Expanding his business into a larger space meant that Robinson needed more help as the company grew. On a visit to his then-fiancee — now-wife Stevi Robinson — Nichols, then working in Ft. Worth, Texas as a barista, went to Holy Trinity Church and struck up a conversation after the service with Robinson.

“We talked coffee after church for a while and when I moved here he said he could use some help. It was fortuitous timing for both of us,” Nichols said.

Robinson said he thinks of coffee like chefs consider fine European cuisine.

“People don’t often use culinary terms to describe coffee, but that is not a bad association for it,” he said. “In specialty coffee, people focus on every part of the process: where it comes from, how it is grown, what is the varietal, what is the process for harvesting; people even drill in on the ethics of trading. Then they worry about how it is roasted and how it is brewed.”

Robinson said he thinks that another accurate description for his technique of roasting specialty coffee is “craftsmanship.”

“With the way coffee is sold in the grocery store, there are a lot of crimes that are committed. It is burnt and vacuum packed,” Robinson said. Although Nichols and Robinson do their best not to act like coffee snobs, they said that they can always taste the difference in quality.

North Star Coffee works with coffee buyers and importers who travel around the world finding the best coffee beans and bring them to the U.S. in huge sea containers.

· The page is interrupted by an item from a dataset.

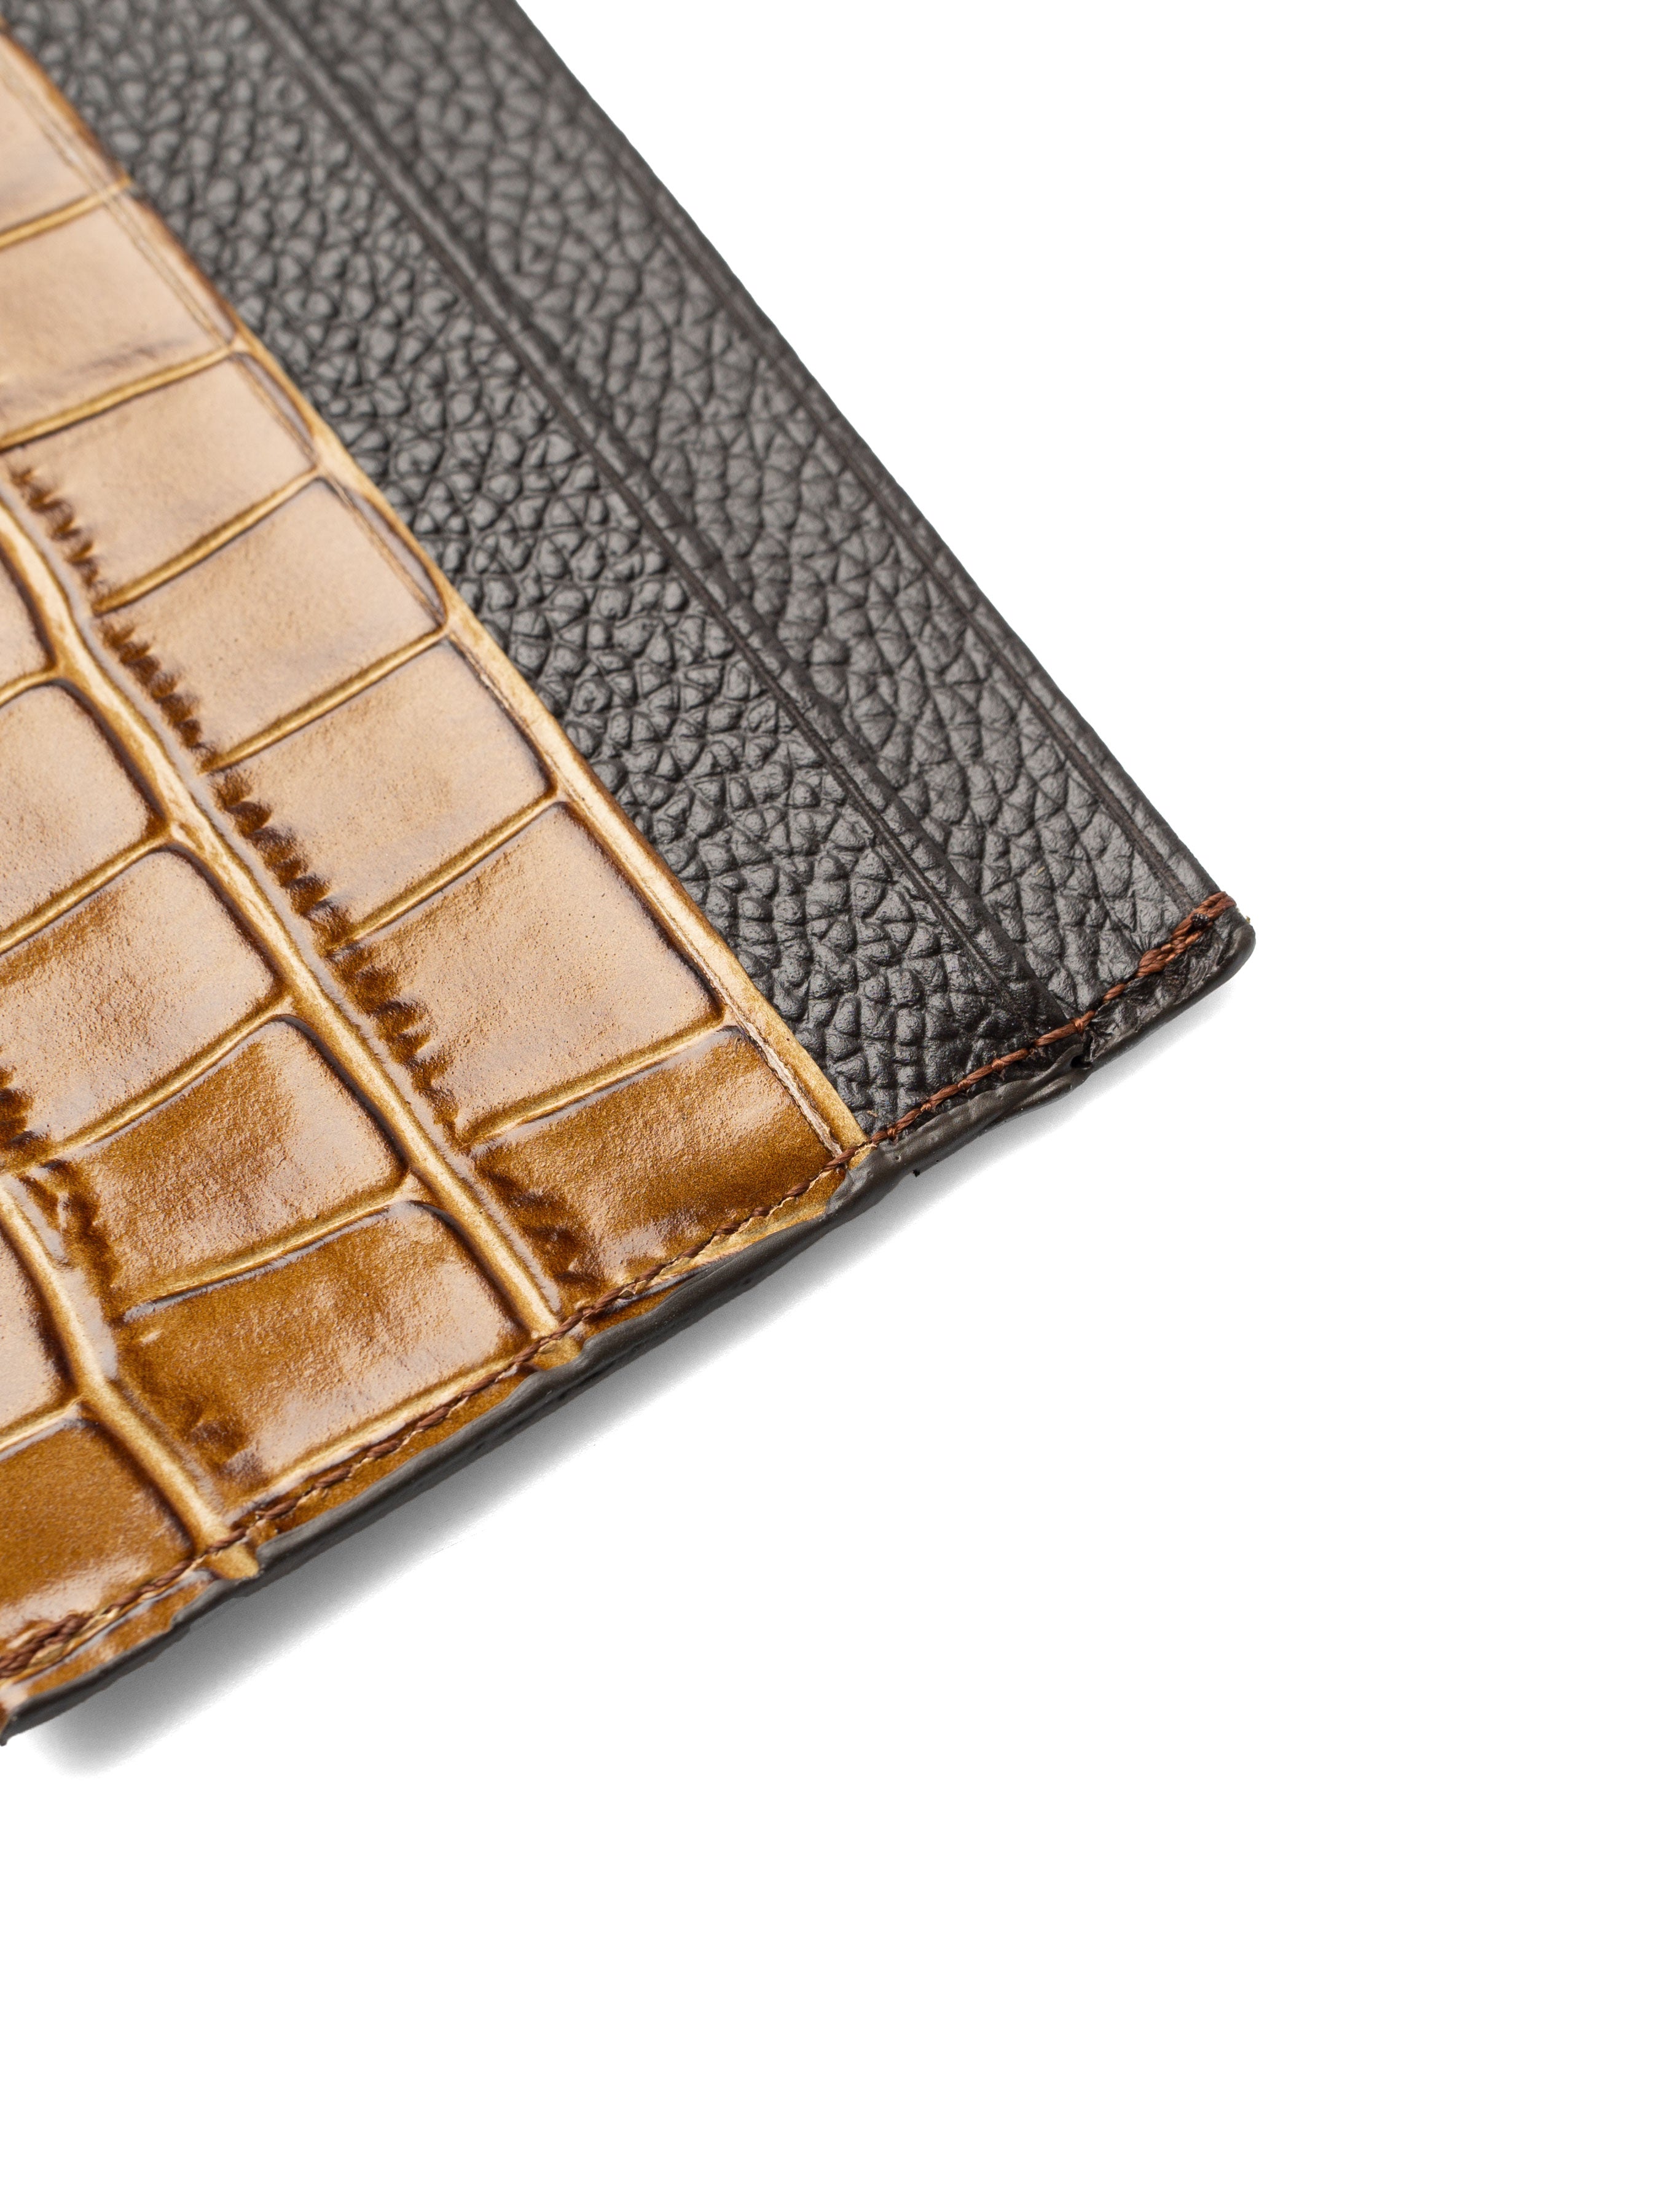 Card Holder - Brown Polished Croco Leather - Zeve Shoes
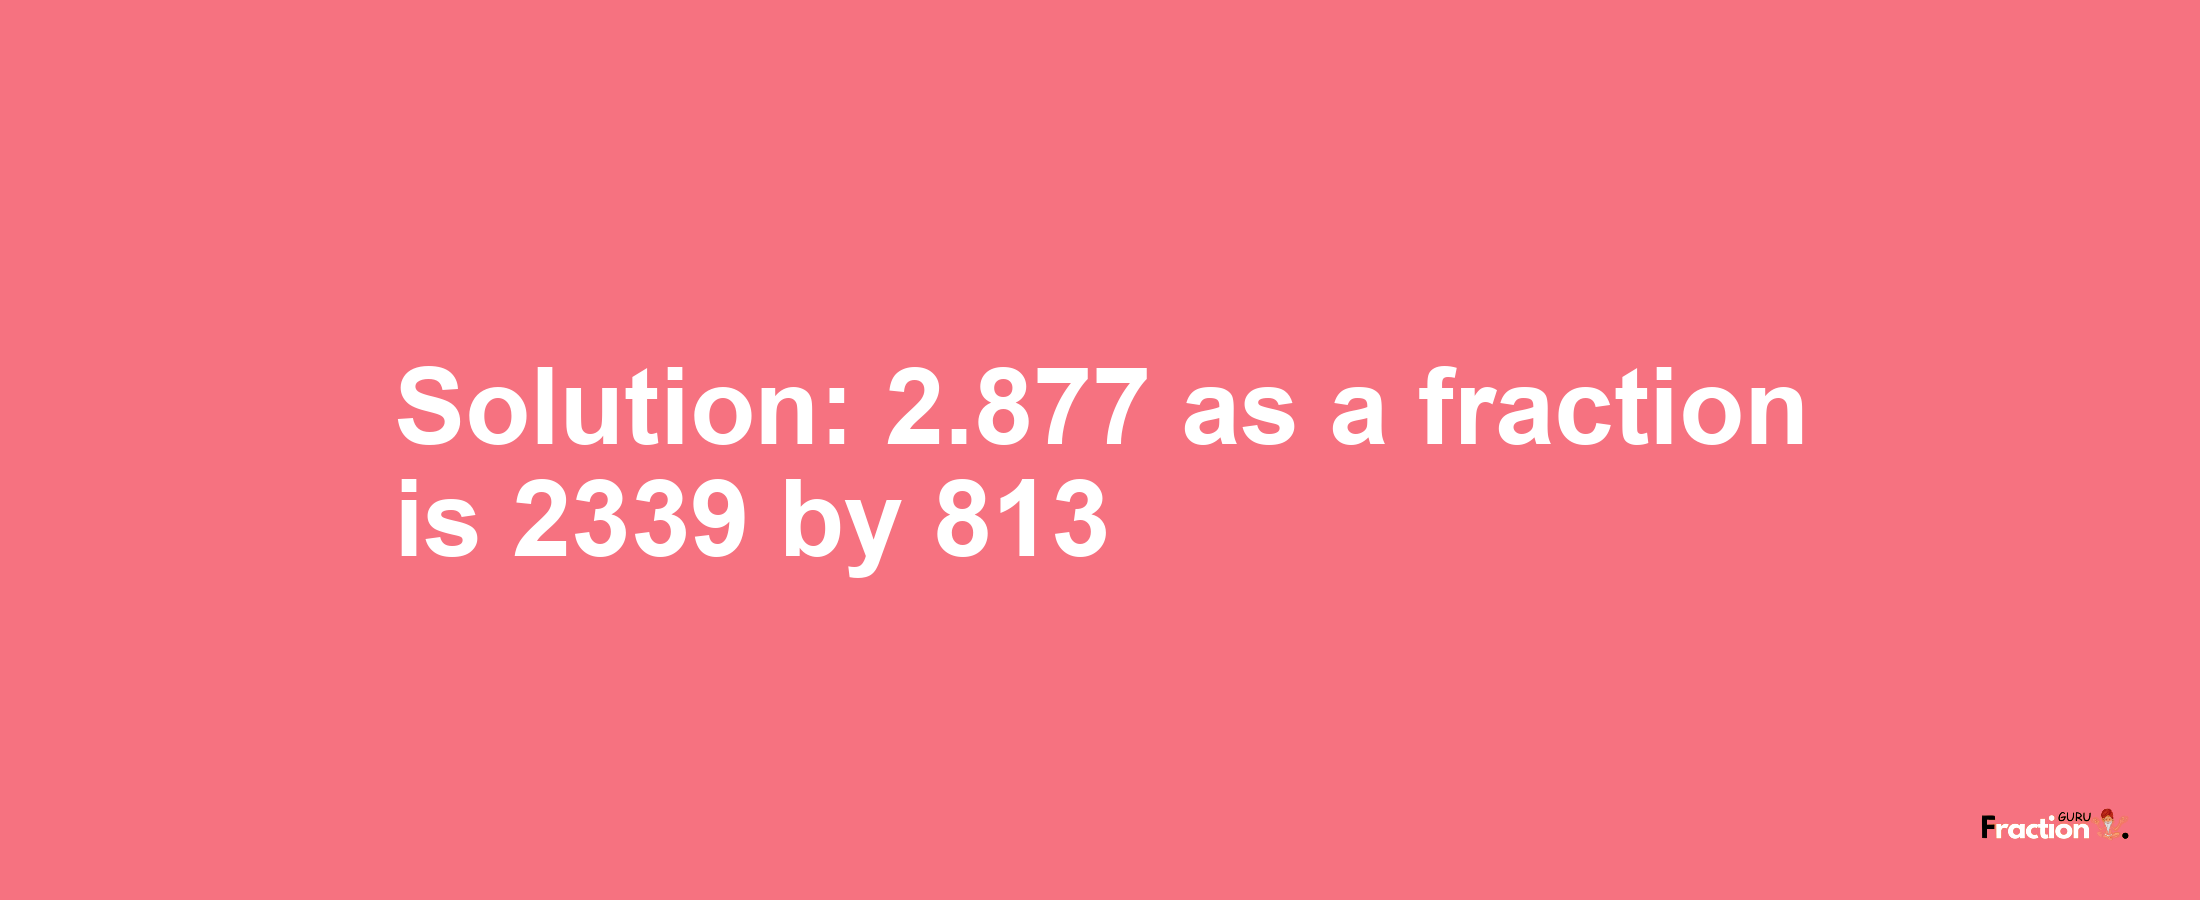 Solution:2.877 as a fraction is 2339/813

“You can’t start with bad coffee beans and roast it to be good coffee,” Robinson said. “We buy the best coffee we can, but even with good beans you can ruin it.”

To avoid ruining the primo beans, the two men keep detailed records of each roast and taste their coffee often.

“It’s actually a really scientific process,” Nichols said.

North Star Coffee Company’s carefully crafted coffees can be found all over Hillsdale. Their coffee is served at the Coffee Cup Diner, the Dow Center, and at Holy Trinity Anglican Parish. The beans can be purchased for home use at Hillsdale Natural Grocery.

Senior Brendan Clarey, a home coffee roaster, tasted the coffee at the Coffee Cup Diner and couldn’t tell if it was good.

“It was better than most diner coffee, the beans were a nice peaberry, and they looked well-roasted. It was better than regular diner coffee but they were just brewed wrong,” Clarey said.

Clarey said that he thinks it would be great to taste their coffee in a specialty coffee setting, brewed as a pour-over with a chemex, or with an espresso machine.

“Any time you use a batch brewer, like a Bunn Coffee Brewer, you can have an over-extraction which lets unfavorable flavors out of the beans,” he said.

The company’s success has not been limited to Hillsdale. Black Diesel Coffee in Ann Arbor and Roots Brew Shop in Grand Rapids carries the coffee as well.

As they look toward expanding the business further, the Robinson and Nichols want to stay true to the spirit of coffee roasting.

“The point of the coffee business is to make great coffee, Robinson said. “We want to continue to do that.”

Rough Draft is featuring North Star Coffee Company’s Rwanda Washed Bourbon blend. It will also have retail bags available for purchase.